[COLLECTED MATERIAL]
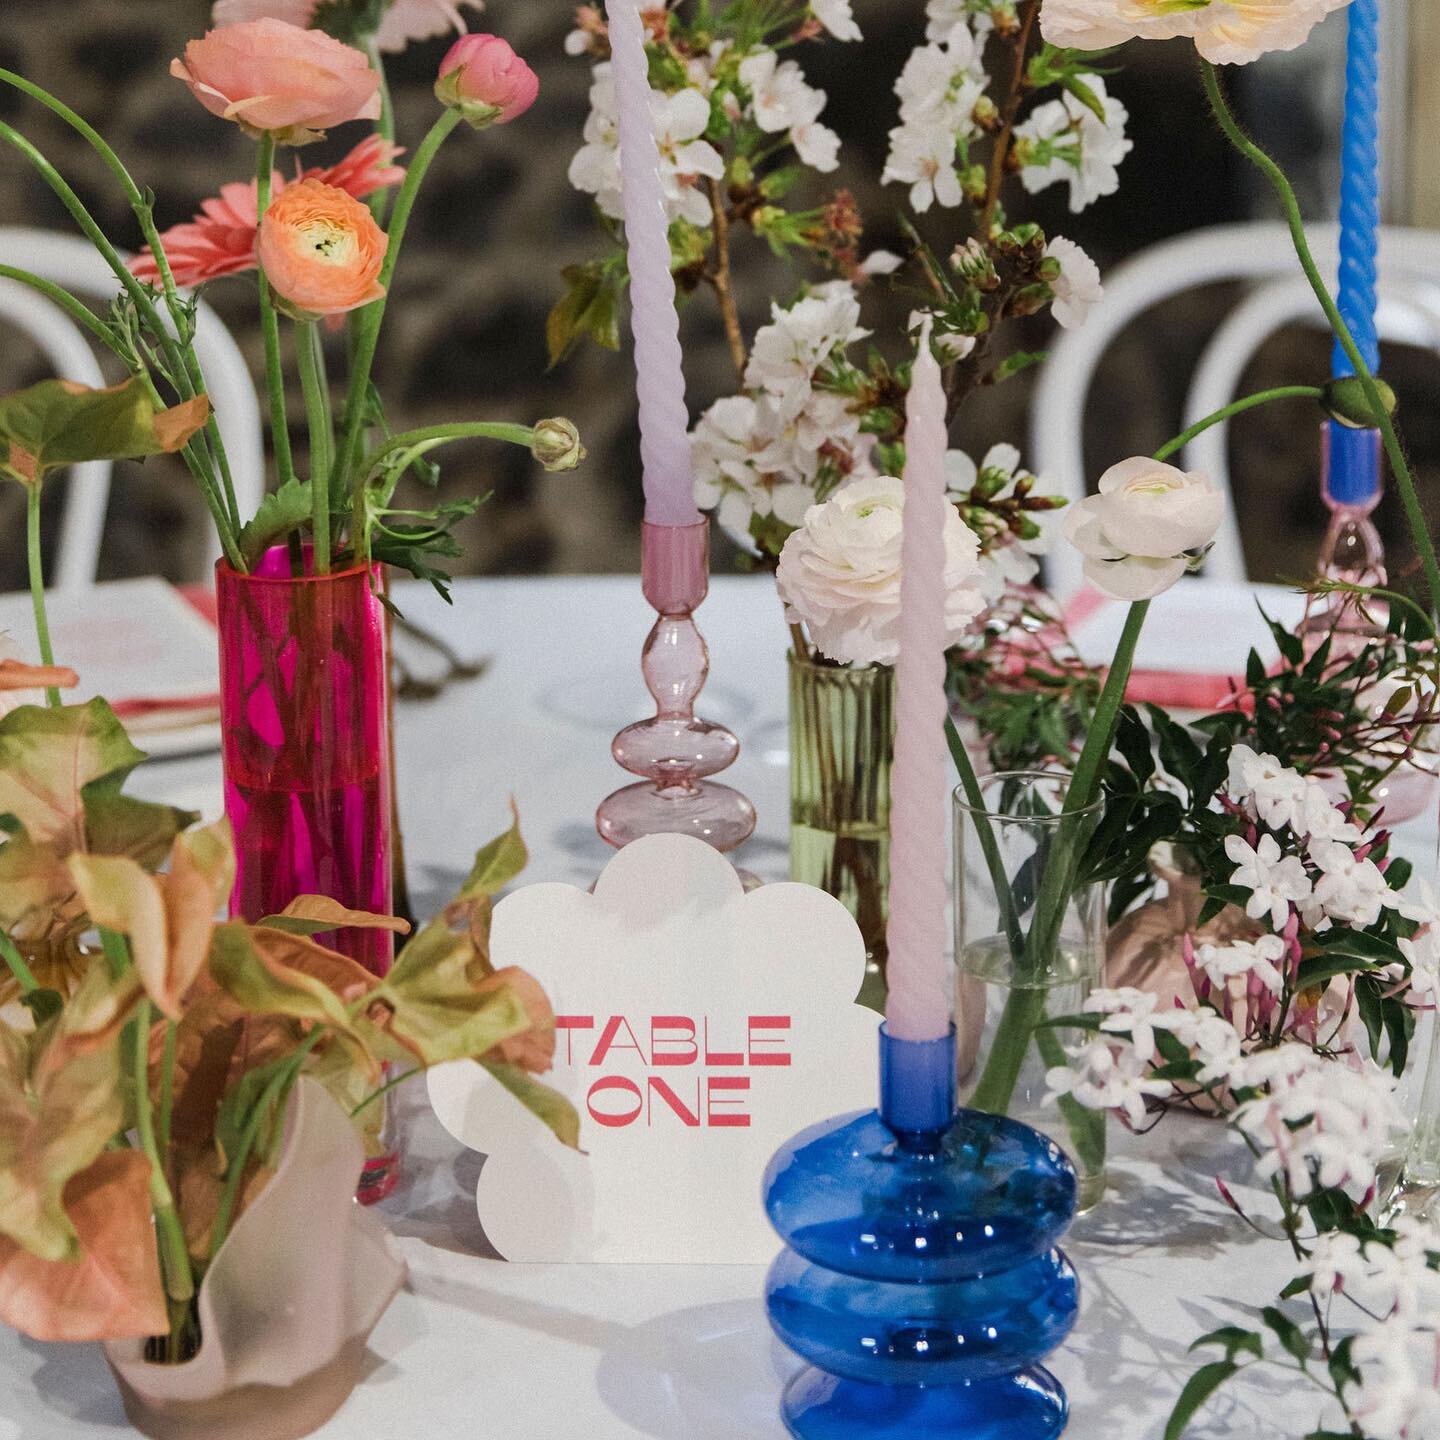 Cute table numbers in a meadow of flowers 🌸 
~
#inkertinker #weddingstationery #weddinginspo #weddingplanner #engaged #weddingday #weddingflowers #aucklandweddings #stationerydesigner #tablenumbers
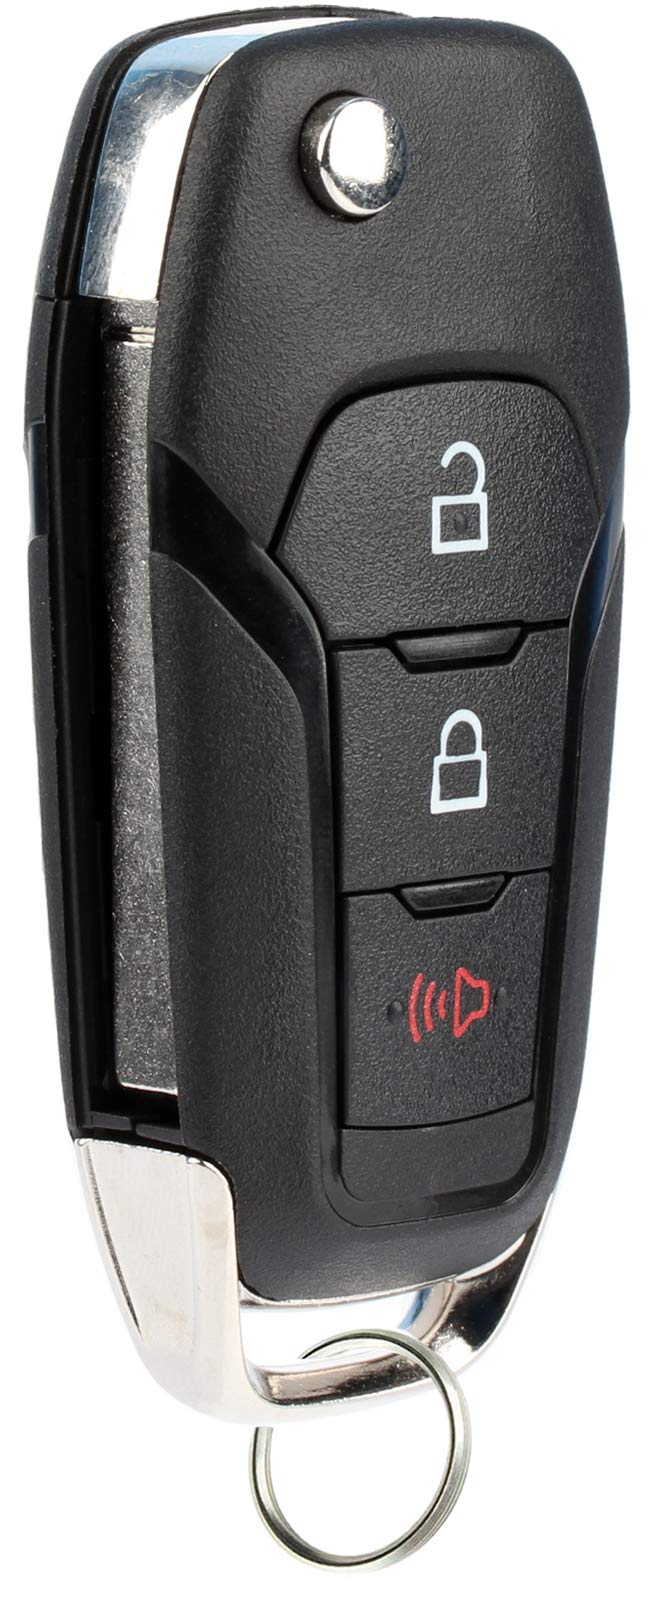  [AUSTRALIA] - KeylessOption Keyless Entry Car Remote Uncut Ignition Flip Key Fob for Ford F150 F250 N5F-A08TAA 1x

[WHAT IS NEEDED] The expected response is every line of the material, written out exactly, with the images removed.

[REPLY TO THE TASK]
 Cute table numbers in a meadow of flowers 🌸 
~
#inkertinker #weddingstationery #weddinginspo #weddingplanner #engaged #weddingday #weddingflowers #aucklandweddings #stationerydesigner #tablenumbers
  [AUSTRALIA] - KeylessOption Keyless Entry Car Remote Uncut Ignition Flip Key Fob for Ford F150 F250 N5F-A08TAA 1x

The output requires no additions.